DOT: What do you see presently as “hot” areas of redox biology/oxidative stress?

In my opinion, resurrection of metabolism is a “hot” topic of research currently. Because metabolism and redox biology are intertwined, let us take this opportunity to further advance our knowledge related to redox chemistry of biological processes to promote a healthy lifespan.

DOT: Do you think that pressure due to present shortage in funding affects how freely we exchange our results and thoughts, and therefore precludes fruitful, sincere and productive research environment?

Certainly, shortage of funding impacts our progress and often restricts exchanging our results and thoughts. We all probably have a story to tell about being “scooped.” In my opinion, being “scooped” is not the end of one’s scientific career. I think we can minimize this fear by encouraging more open communication among our peers. Every program has their own format for presentation of research activities, research seminar series, etc. Research personnel and mentors from every lab need to present their research at these regularly scheduled forums. The feedback from these presentations will significantly help advancing one’s research rather than hinder progress. Let us promote good science.

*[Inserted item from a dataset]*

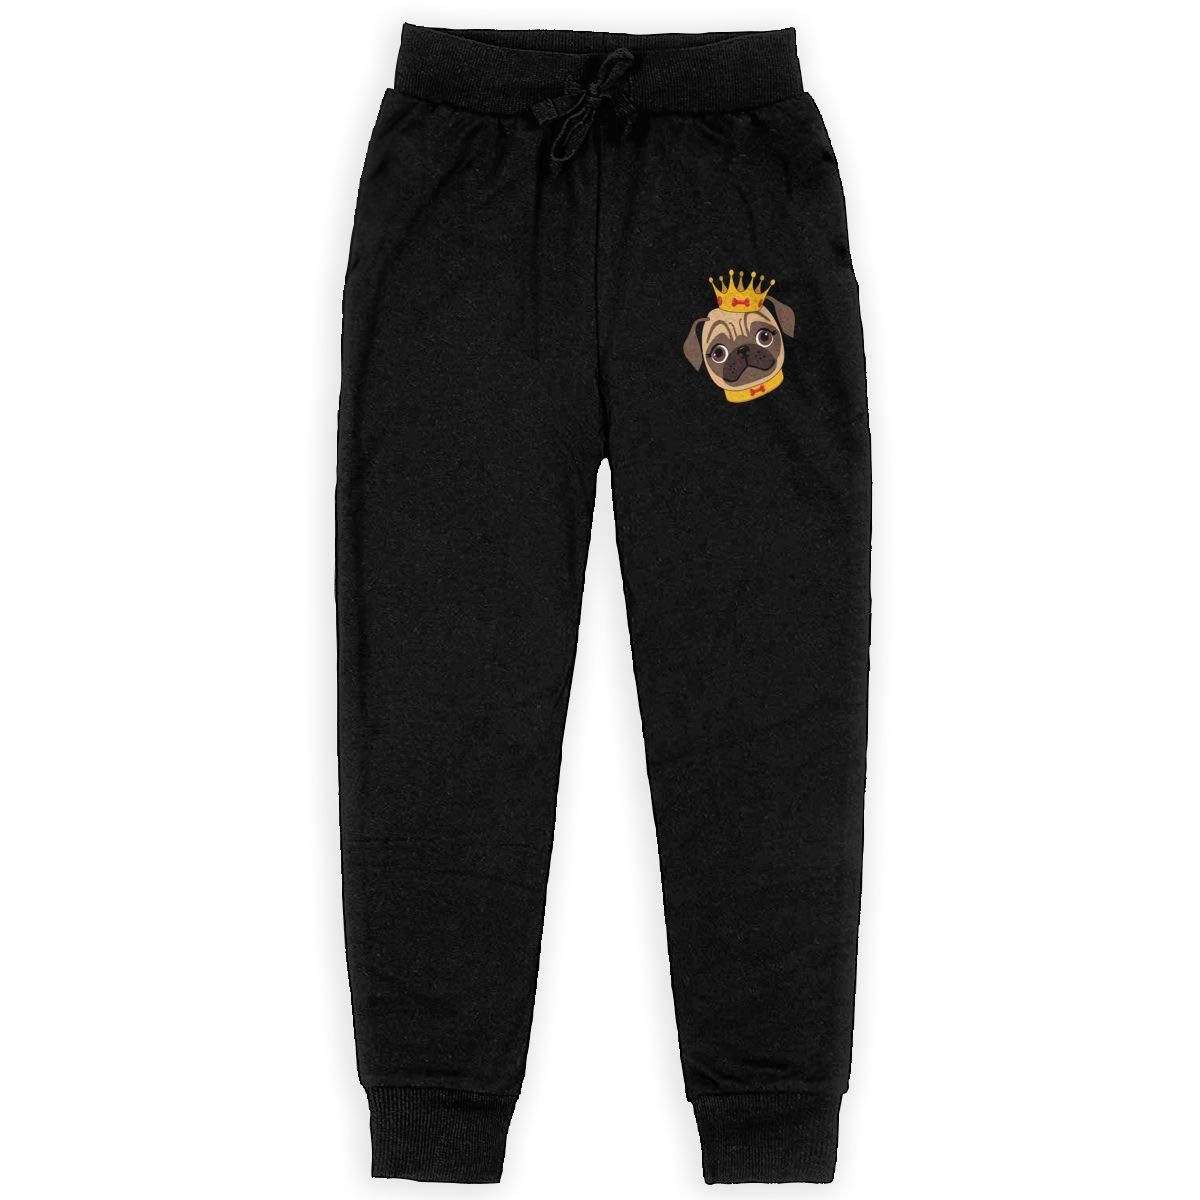 IufnNRJndfu Pug Dog Logo Boys Athletic Smart Fleece Pant Youth Soft and Cozy Sweatpants
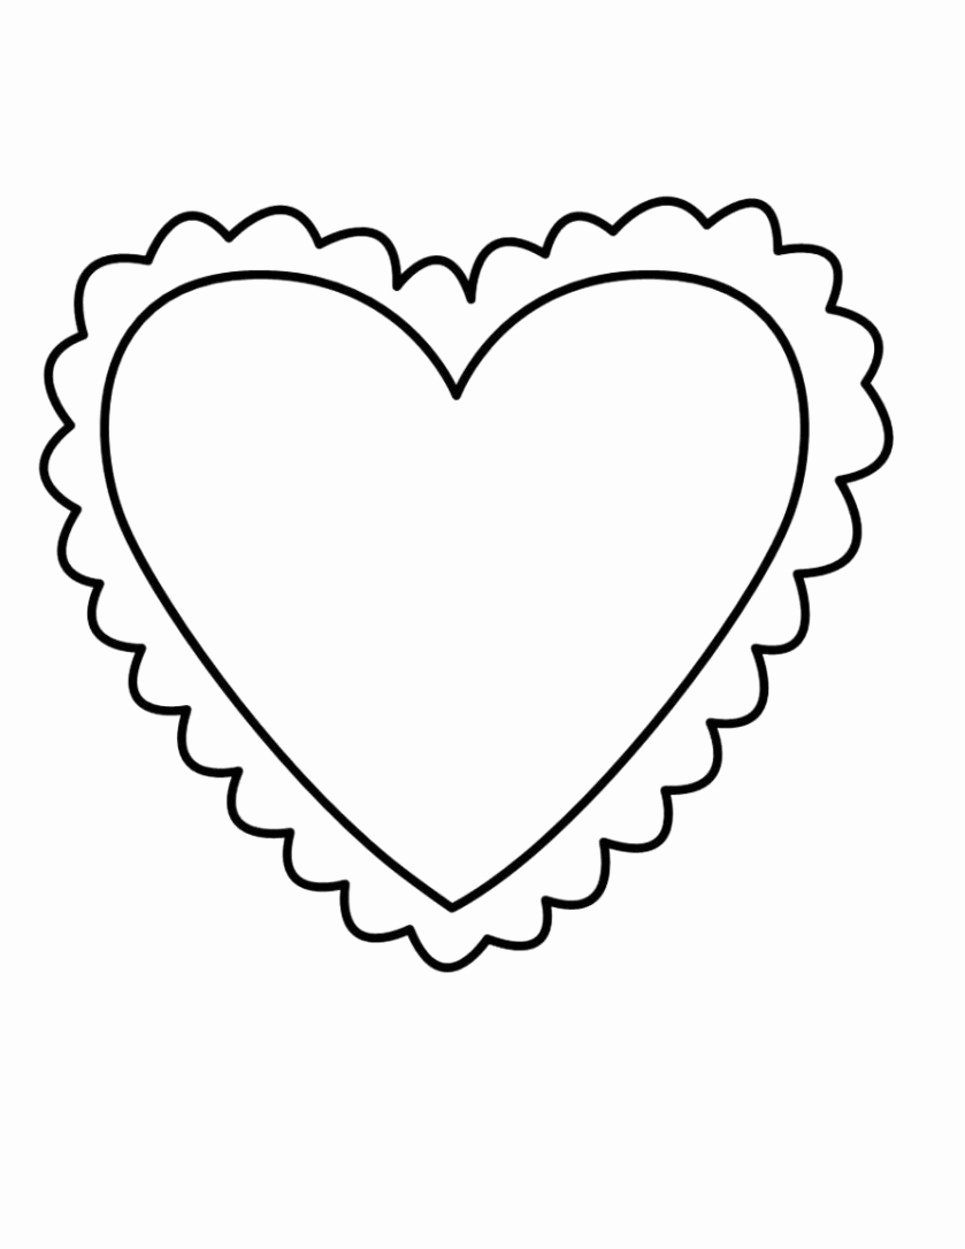 Valentine Hearts Coloring Pictures Unique Valentine Heart Coloring Pages Best Coloring Pages For In 2020 Heart Coloring Pages Shape Coloring Pages Love Coloring Pages

DOT: How do you achieve balance between your personal and professional life?

It is hard. I am very fortunate to have lots of support from my wife and children. They recognize the challenges and time commitment of our profession. I think I am a dedicated husband and father, and enjoying both aspects of my responsibilities and care. I am a dedicated husband because I took my wife to India numerous times to visit her family and continue to keep in touch with her Indian heritage. For my kids, I attended most of their school and outdoor activities. I attended all those parents-teacher conferences, parent’s day and even grandparent’s day. My children were not at all happy when I showed up during their school’s grandparent’s day. Like their friends, our kids were expecting to see their grandparents and not me. Living so far away from India, I had to fill the role of both parent and grandparent.